Without any pictures, print the lines below from the one that has "Womens Jeans 28 Inch Inseam" through the one that has "E8801a - analyseur", exactly and nothing else.

#### The input

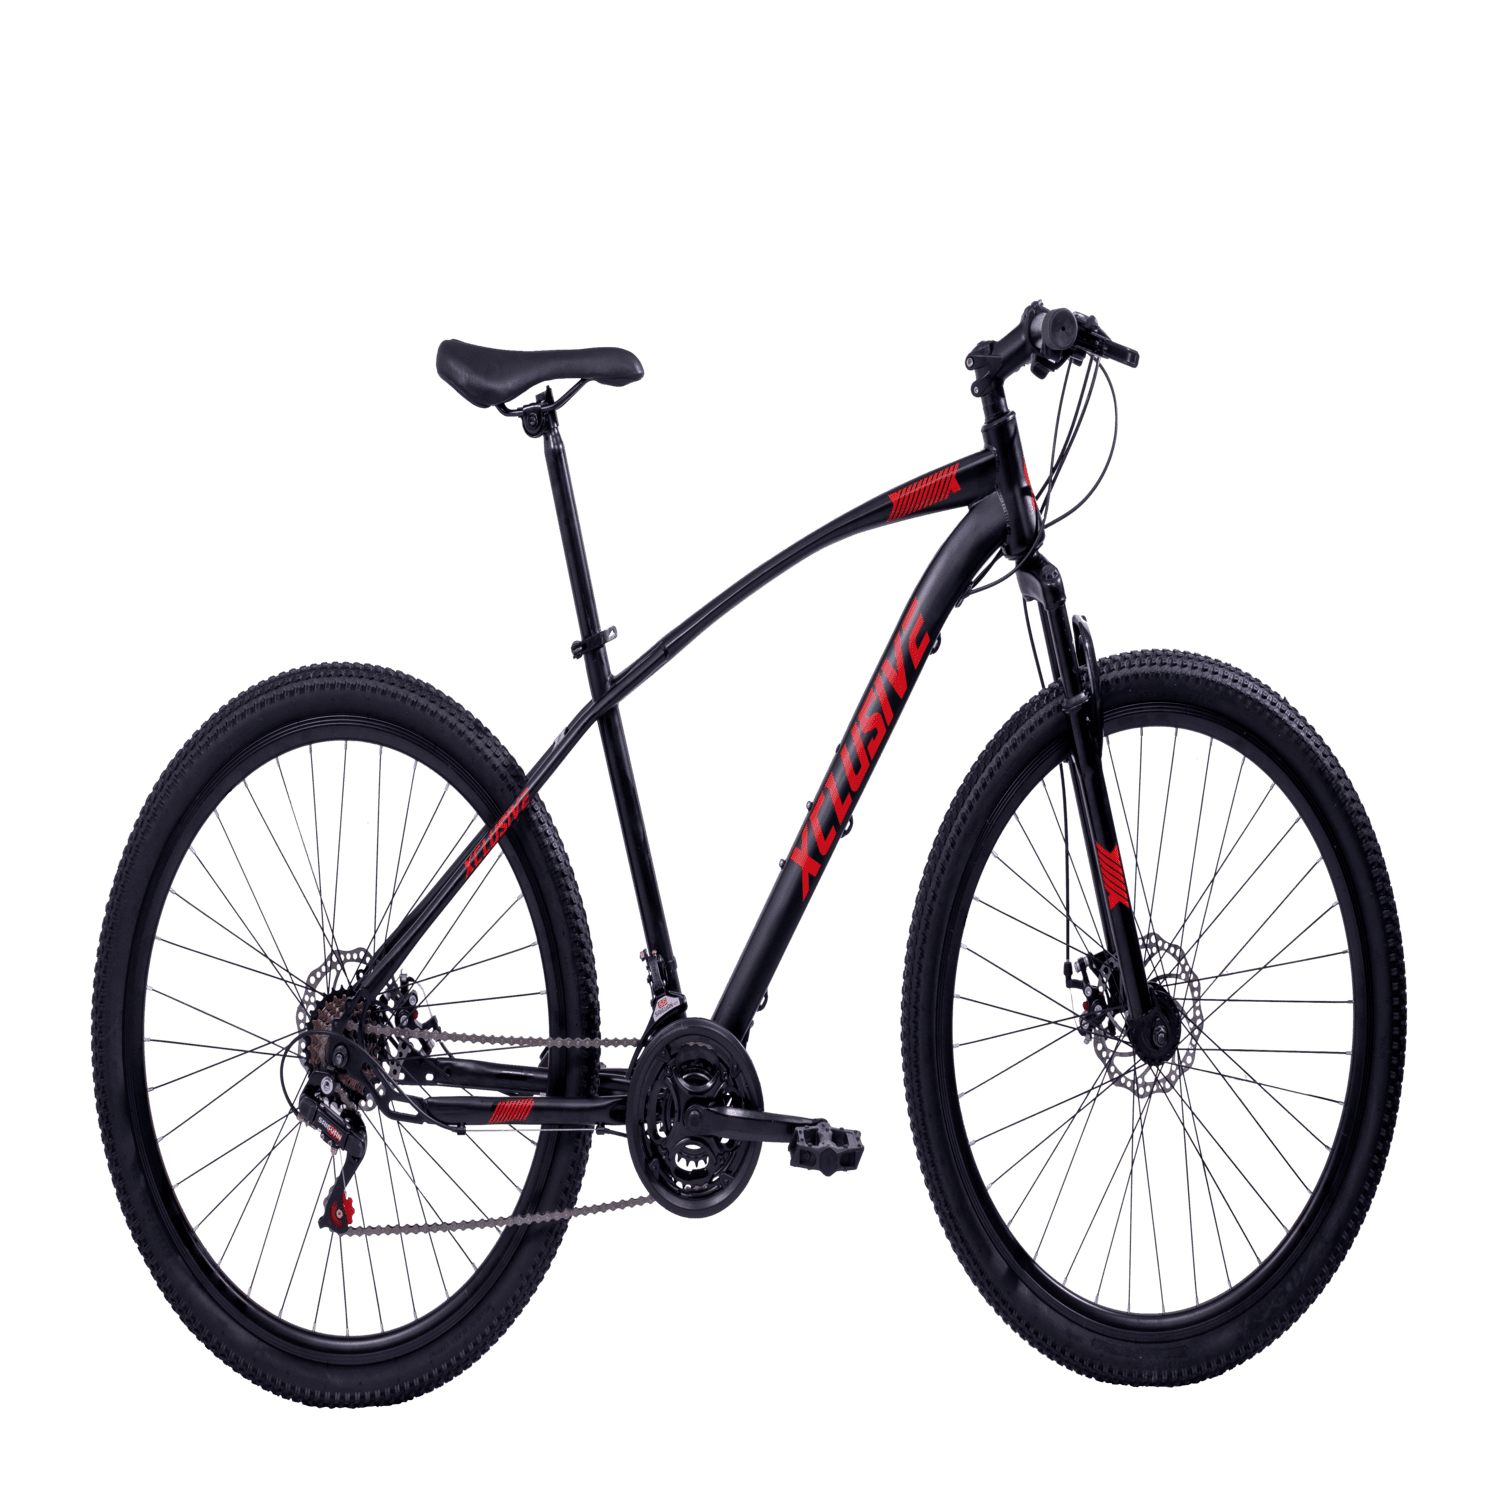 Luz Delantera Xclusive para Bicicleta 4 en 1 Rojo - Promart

########
#### The input

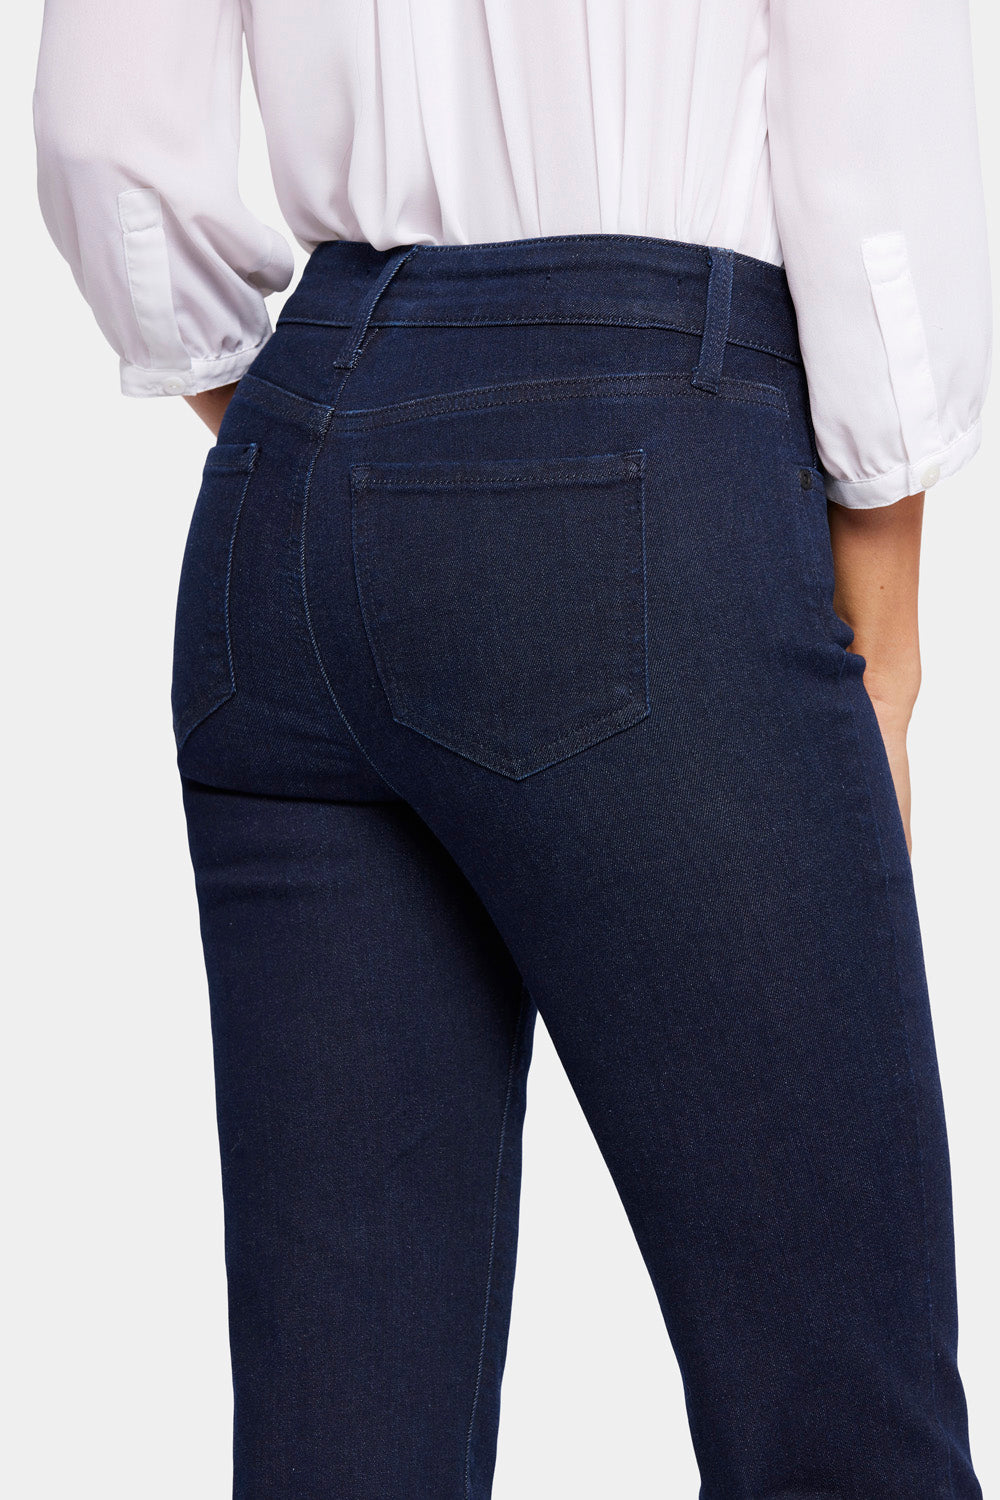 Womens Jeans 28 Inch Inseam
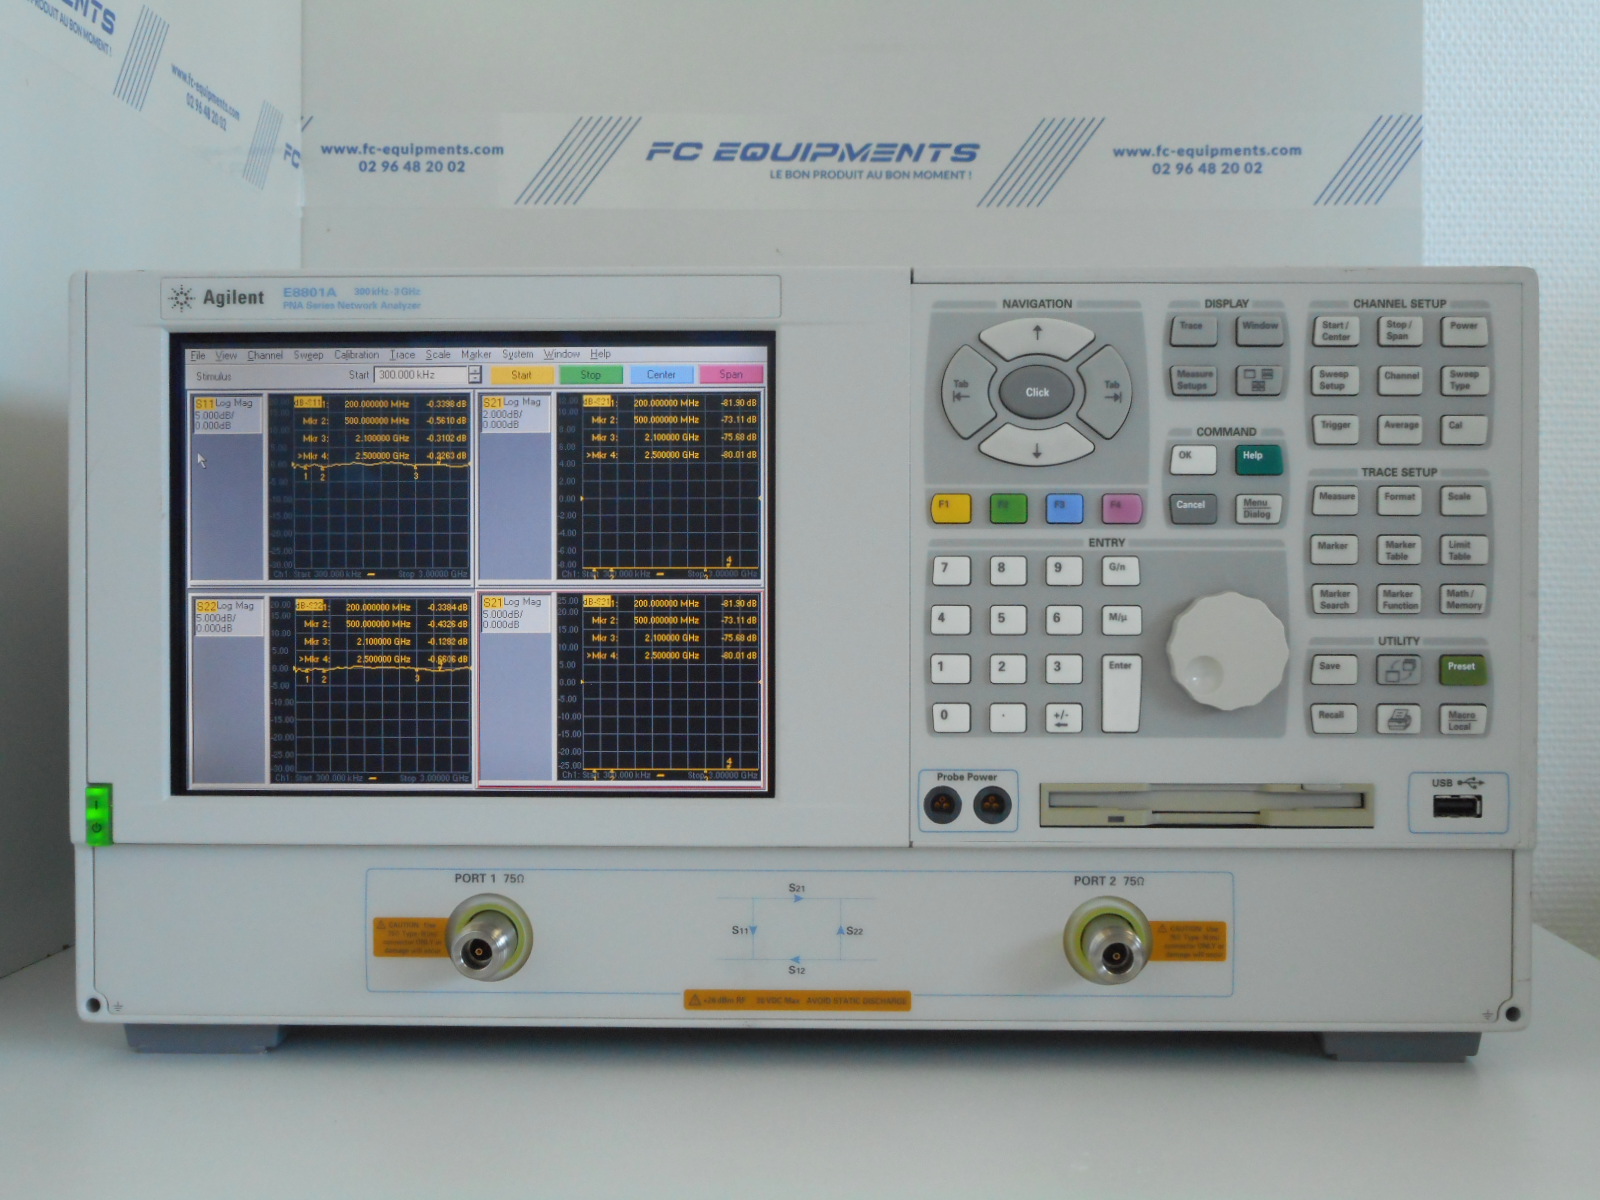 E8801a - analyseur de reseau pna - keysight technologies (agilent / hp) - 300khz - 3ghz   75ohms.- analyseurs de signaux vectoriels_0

########

Task response:
 Womens Jeans 28 Inch Inseam
 E8801a - analyseur de reseau pna - keysight technologies (agilent / hp) - 300khz - 3ghz   75ohms.- analyseurs de signaux vectoriels_0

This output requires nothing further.